▶ [DATASET RECORDS]
======

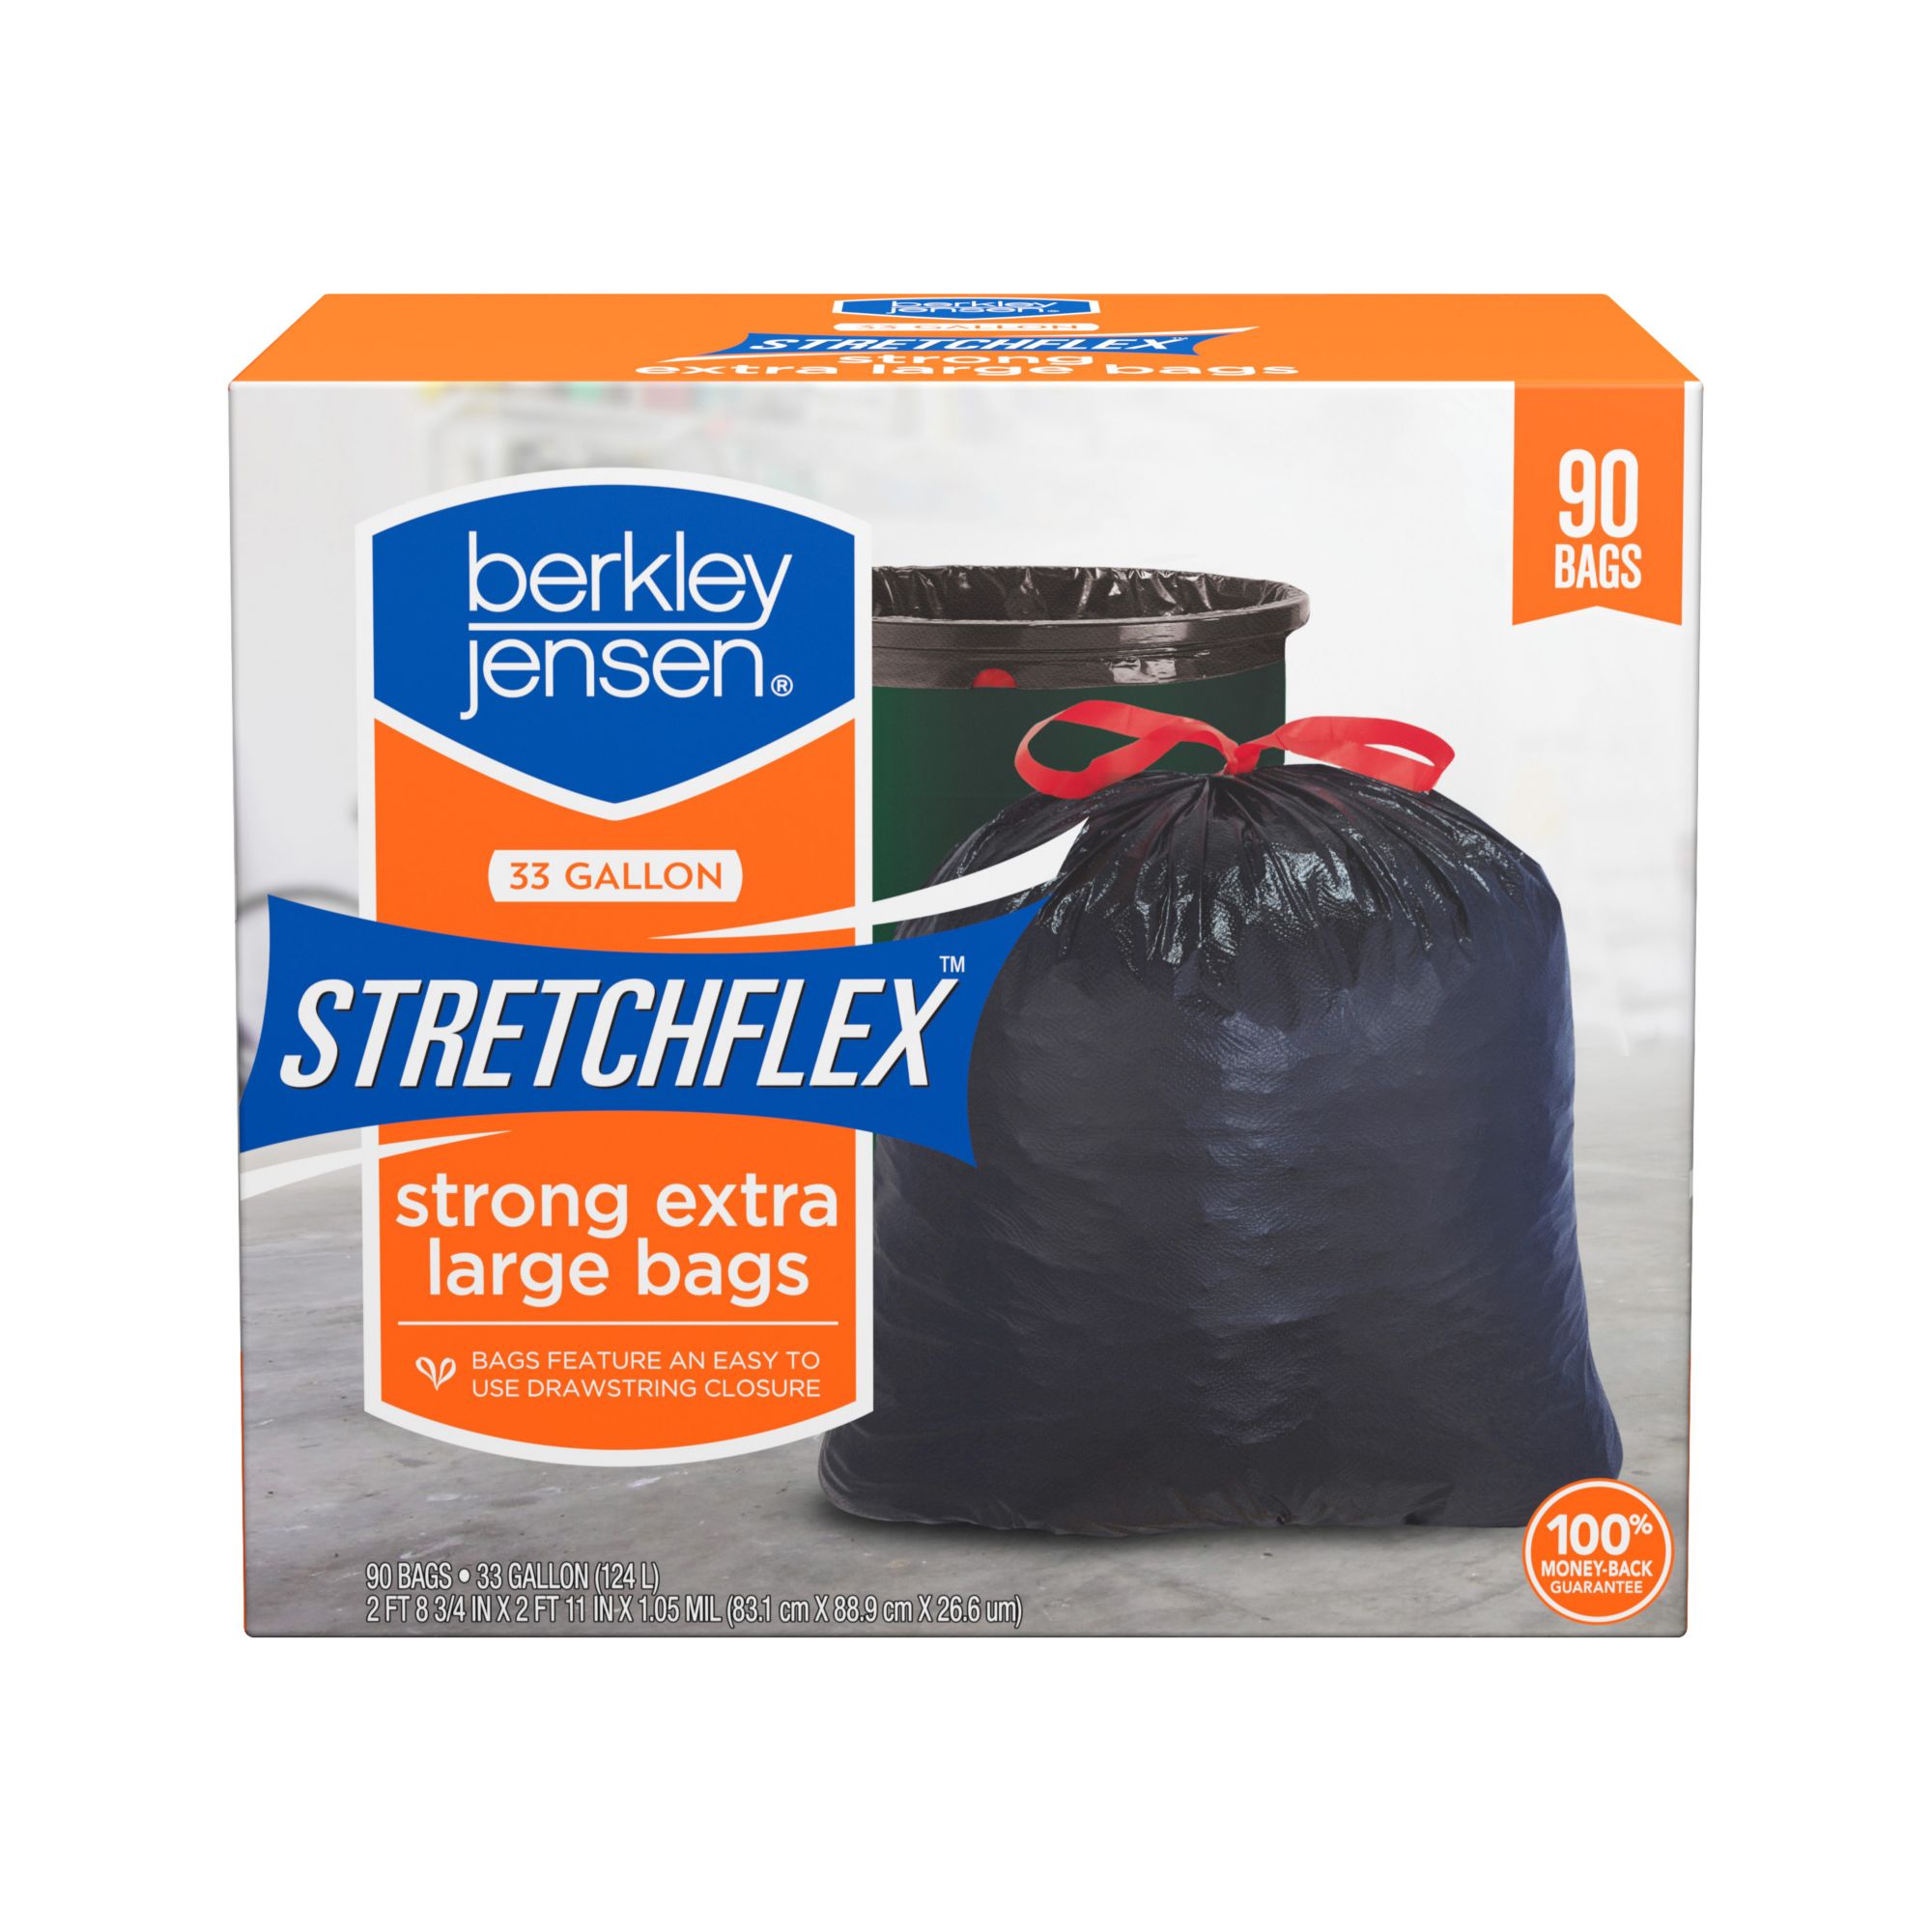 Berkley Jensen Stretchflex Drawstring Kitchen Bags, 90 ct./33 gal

======

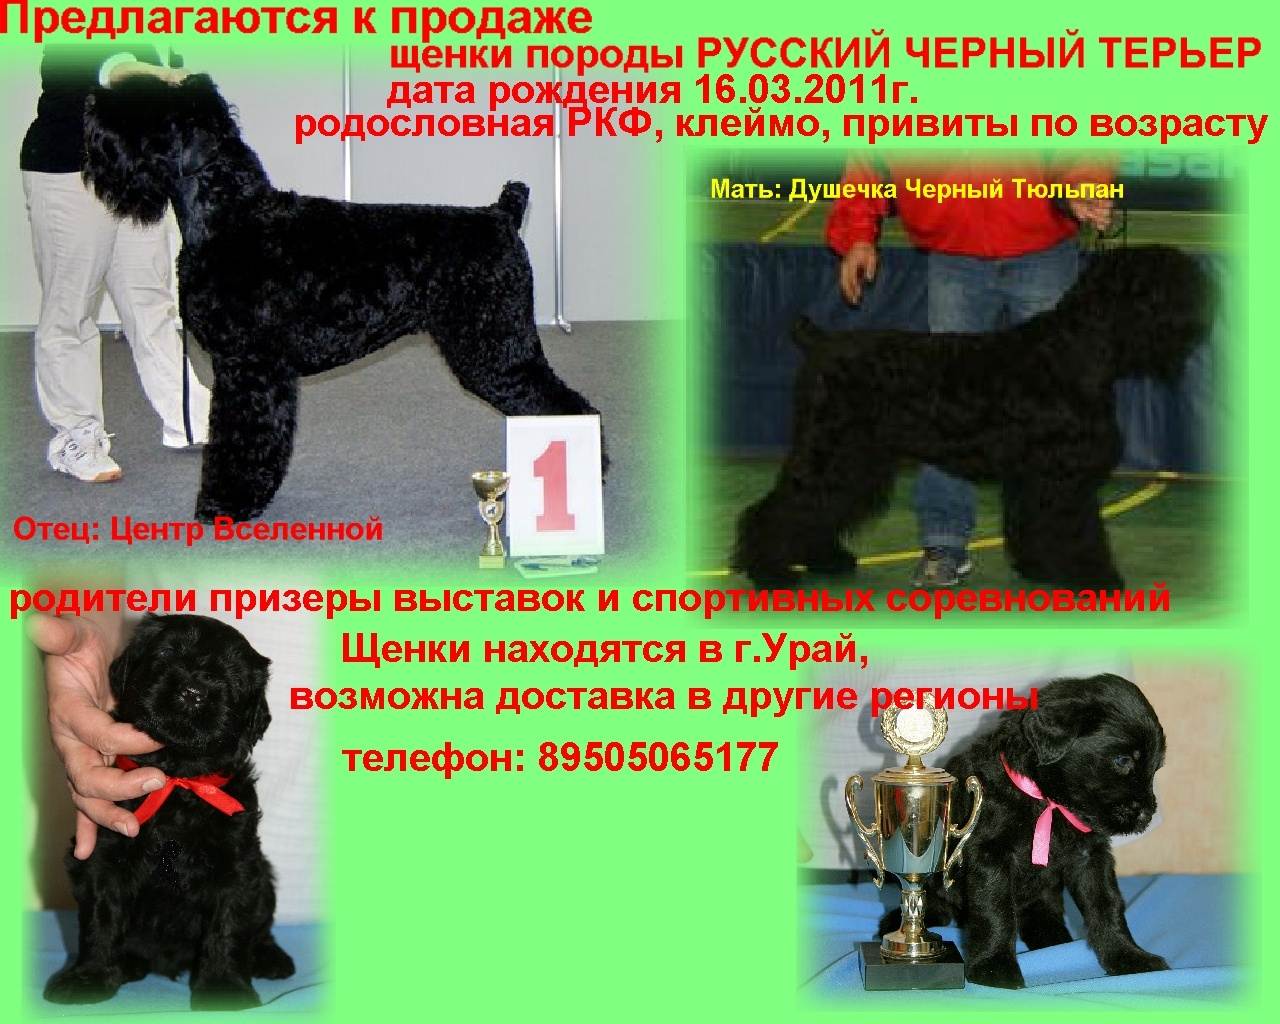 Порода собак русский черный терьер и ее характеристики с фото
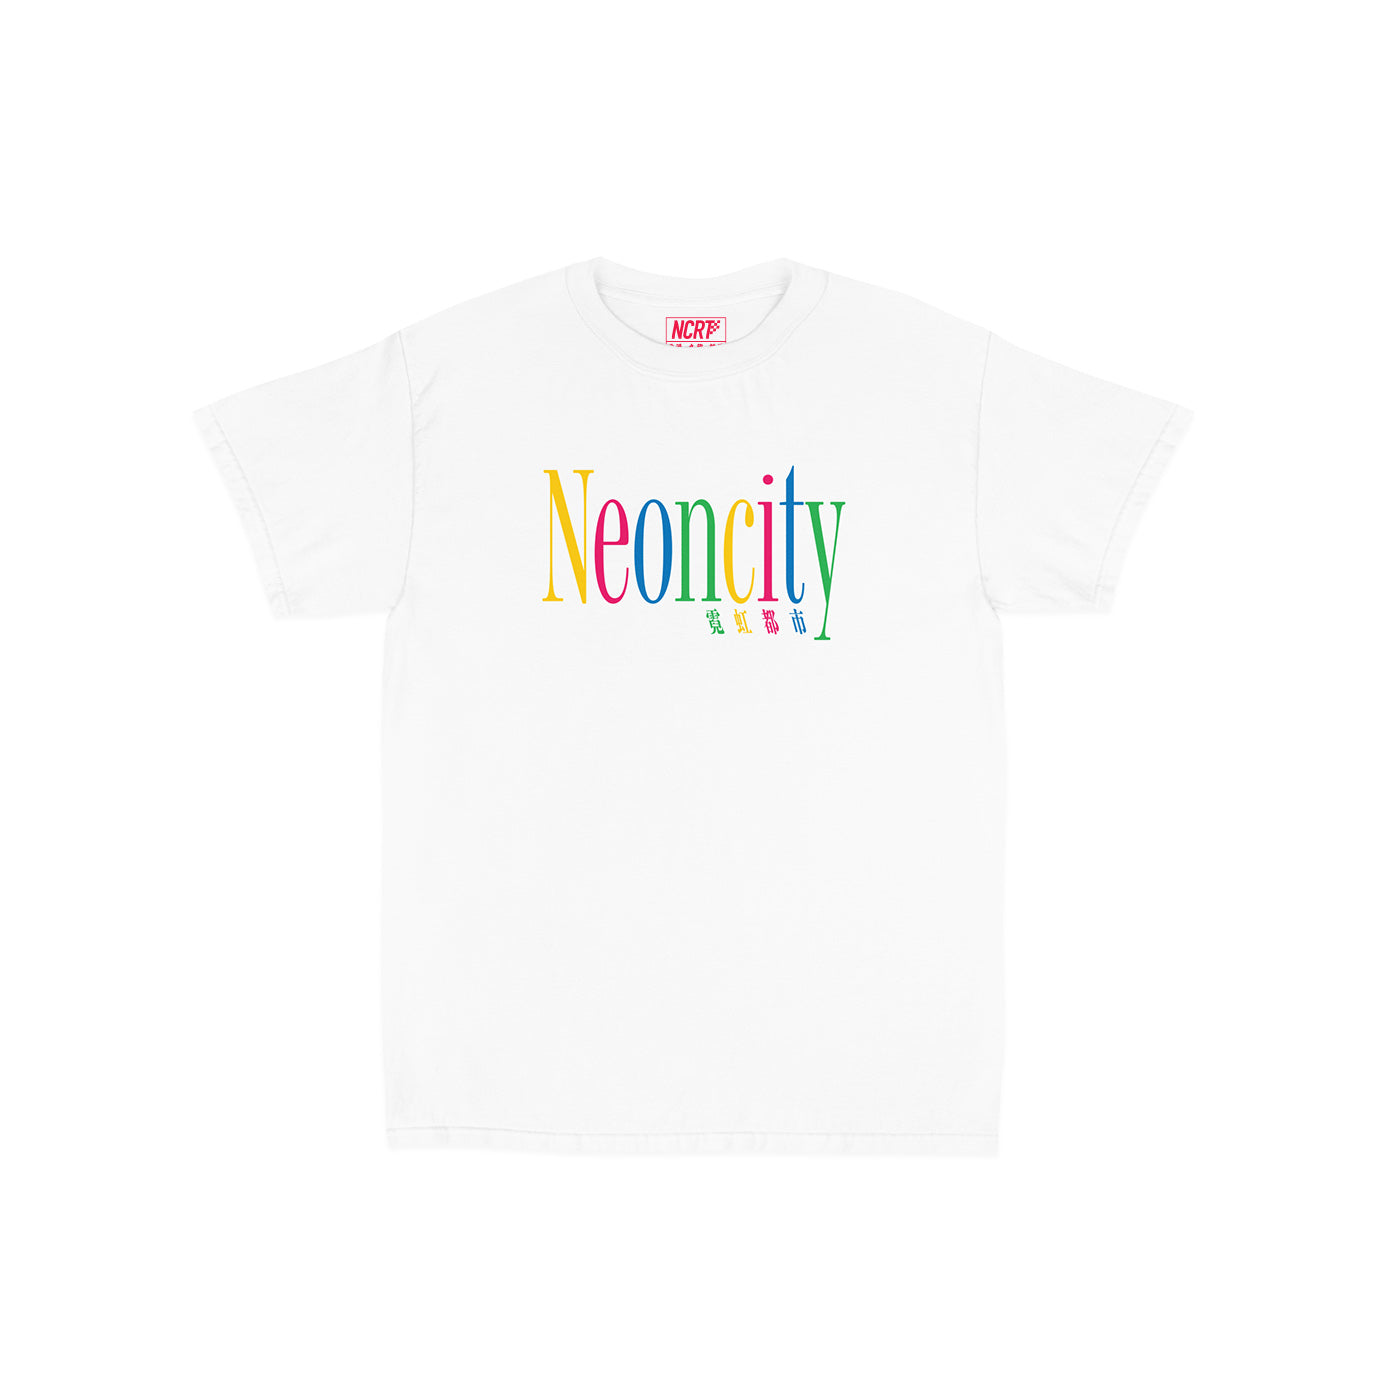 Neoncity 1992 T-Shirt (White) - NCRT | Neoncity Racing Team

======

▶ [THE TASK] If a picture sits between the line containing "Порода собак русский" and the line containing "Neoncity 1992 T-Shirt", leave it out, and return the lines of that range above exactly, both ends included.

▶ [EXERCISE RESPONSE]
 Порода собак русский черный терьер и ее характеристики с фото
 Neoncity 1992 T-Shirt (White) - NCRT | Neoncity Racing Team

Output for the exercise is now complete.